Дарвинизм в XXI веке
Шрифт:
Вейсман действительно поставил такой опыт. Но он мог и не утруждаться: многие породы собак подвергались обрезке ушей и хвостов в куда более длинном ряду поколений – с тем же результатом. Еще более масштабный эксперимент природа поставила над самим человеческим родом – точнее, над его прекрасной половиной. Всякая женщина рождается с девственной плевой. Если ей вообще суждено кого-то родить, то только после разрушения этой структуры. Но этот признак, уничтожаемый в каждом поколении, упрямо воспроизводится в следующем на протяжении всей известной нам истории человечества. Где же оно, пресловутое “наследование приобретенных признаков”?
На
К концу XIX века представления о возможности наследования приобретенных признаков по-прежнему преобладали, но уже не казались само собой разумеющимися: спор двух концепций был перенесен на поле эксперимента. Поисками заветного феномена азартно занялось множество ученых в разных странах мира. Они использовали разные объекты и разные признаки, но схема их работ обычно была одной и той же: берем некий фактор, воздействуем им на подопытные организмы (желательно на молодые, еще не закончившие свое формирование, а еще лучше – на семена, проростки, икру, личинок и тому подобные стадии) и убеждаемся, что их индивидуальные признаки смещаются в ту же сторону, в какую под действием данного фактора эволюционировали близкие им виды в природе.

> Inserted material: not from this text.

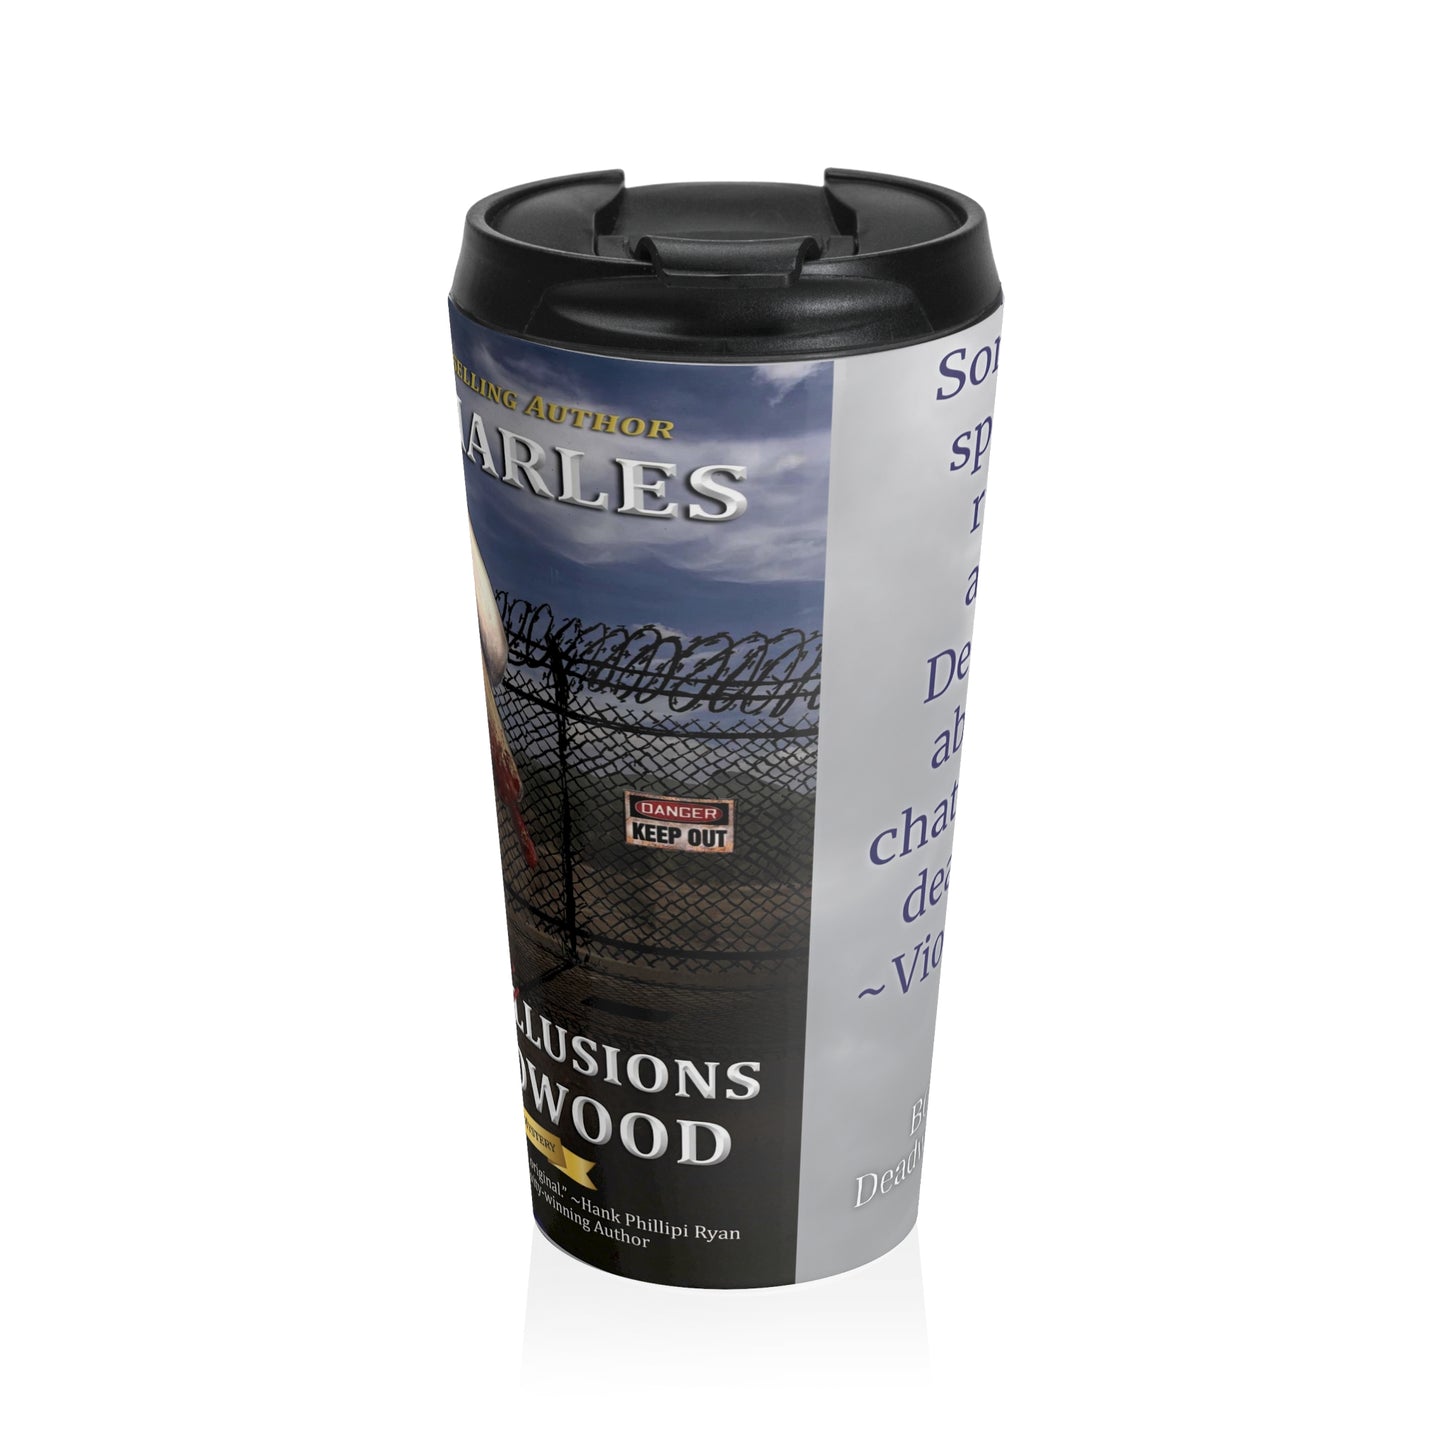 Optical Delusions In Deadwood - Stainless Steel Travel Mug
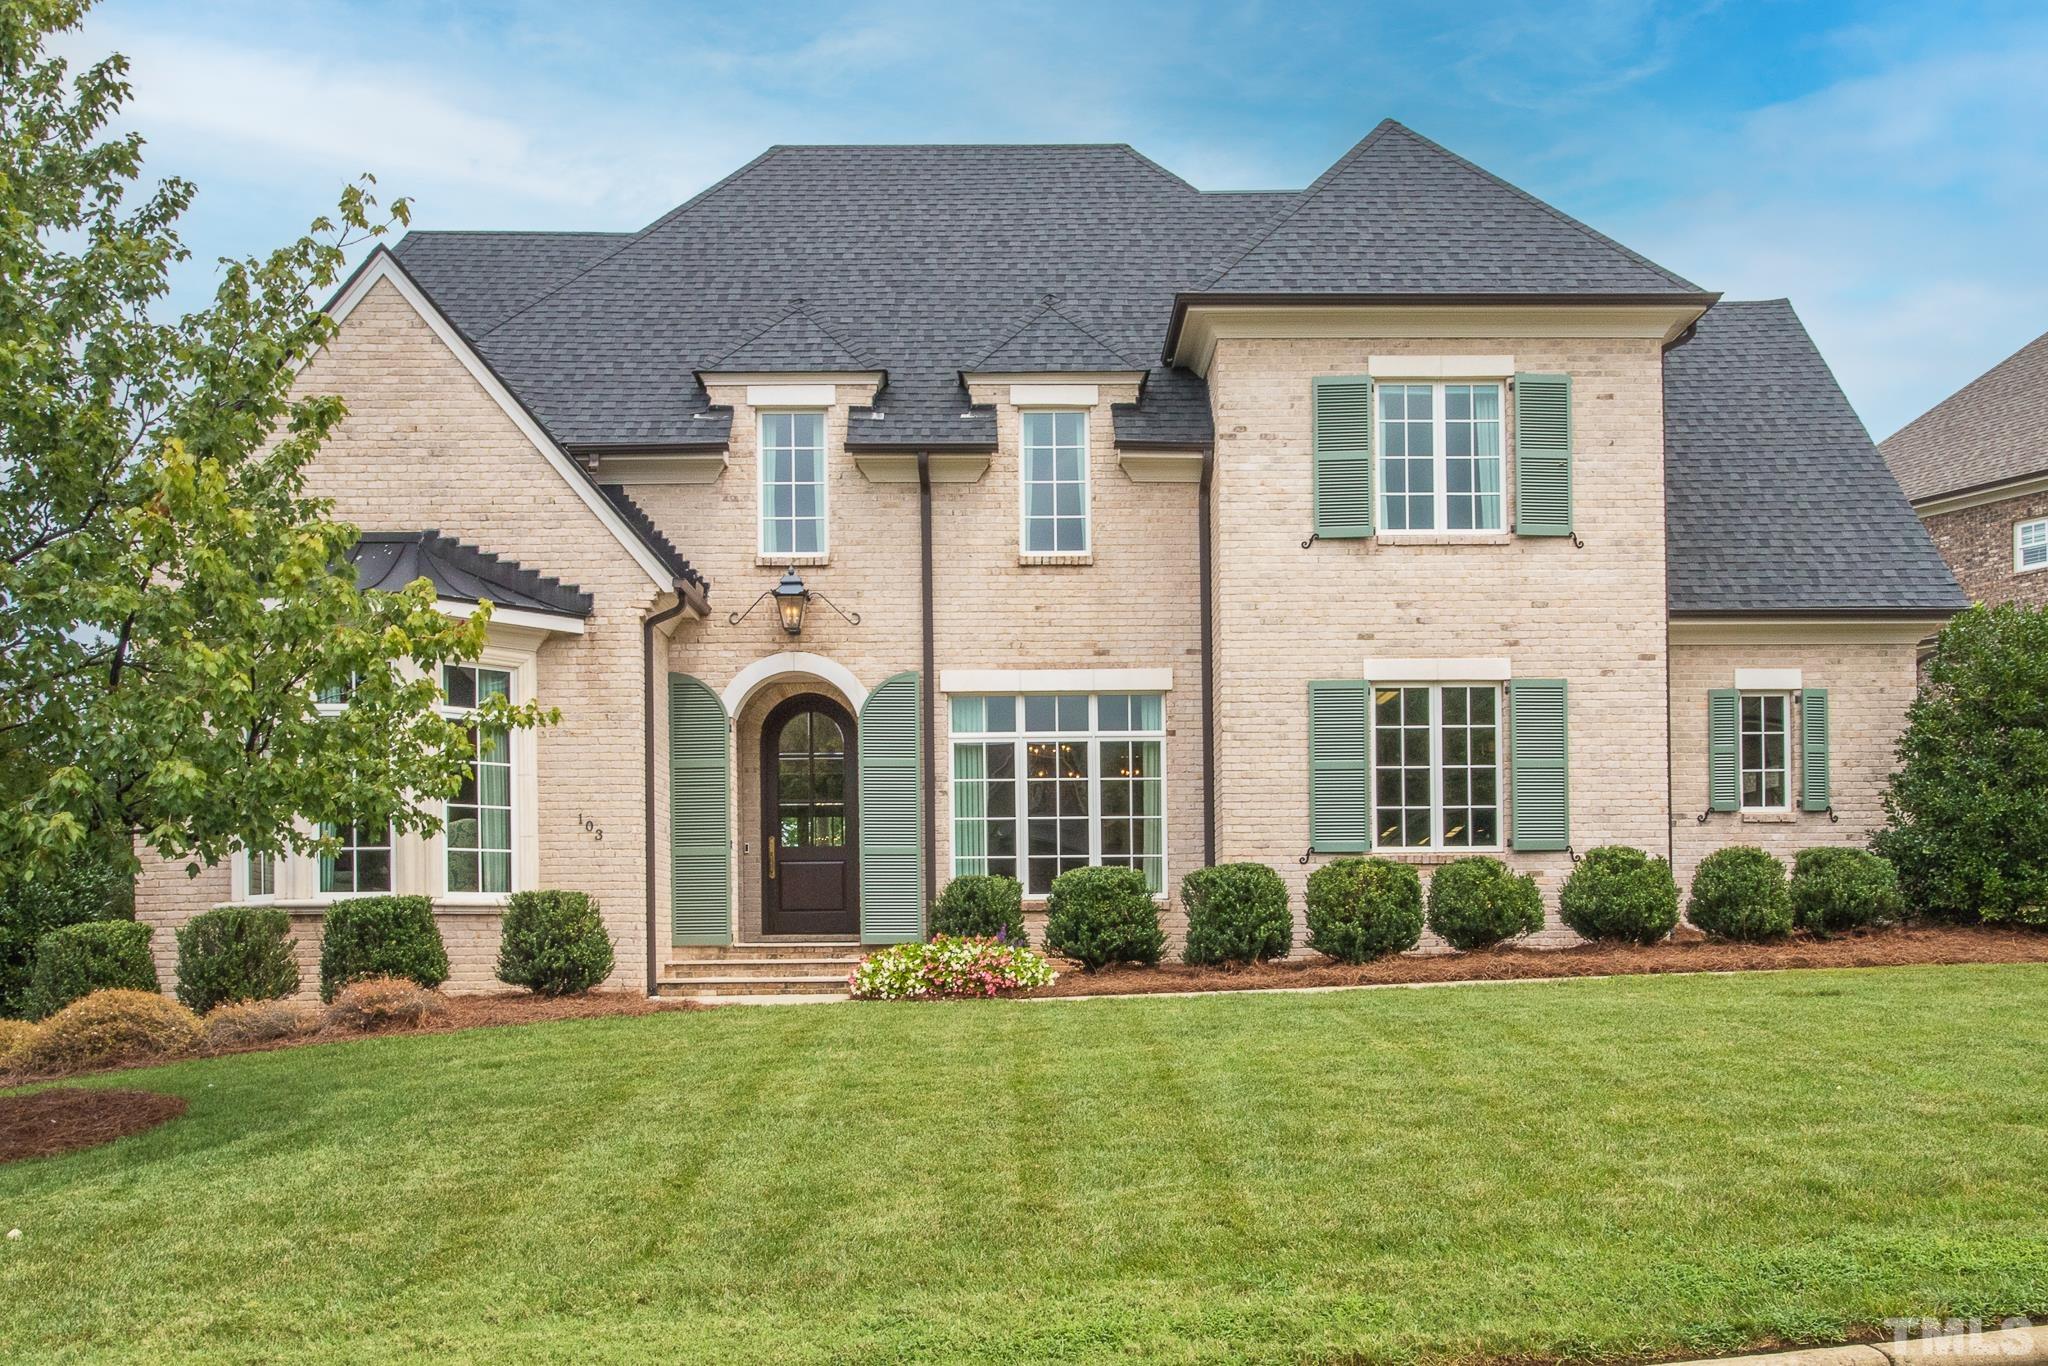 French-inspired charm in the heart of Cary

Например, целая школа французских ботаников во главе с Гастоном Боннье много лет проводила опыты с переносом десятков видов растений с равнин в альпийские условия – исправно убеждаясь, что уже в первом поколении черты таких растений изменяются в сторону родственных им горных видов. Русский ученый Владимир Шманкевич, увеличивая концентрацию соли в воде, где развивались личинки рачка Artemia salina (хорошо знакомого аквариумистам в качестве корма для рыбок), демонстрировал, что у выросших в таких условиях рачков форма хвостового членика и число щетинок на хвосте соответствовали аналогичным признакам вида A. muhlhausenii, в природе живущего в более соленой воде. Если же вовсе убрать из воды соль, A. salina приобретал сходство (правда, по другим признакам) с пресноводным рачком Branchipus stagnalis. Другие ученые столь же убедительно показывали, что мыши, с рождения содержавшиеся на холоде, имели более короткие уши и хвосты, чем те, что росли в тепле, – что полностью соответствует биогеографическому правилу Аллена о различиях между южными и северными формами одного вида. Или что у головастиков, которых растили на мясной пище, кишечник оказывался короче, чем у головастиков того же вида, питавшихся растениями (как известно, для переваривания растительной пищи требуется более длинный кишечник). Работ такого рода было опубликовано множество, но все они ровным счетом ничего не доказывали: с таким же успехом существование хамелеона можно было бы считать доказательством того, что наши обычные ящерицы когда-то умели менять цвет покровов по своему усмотрению.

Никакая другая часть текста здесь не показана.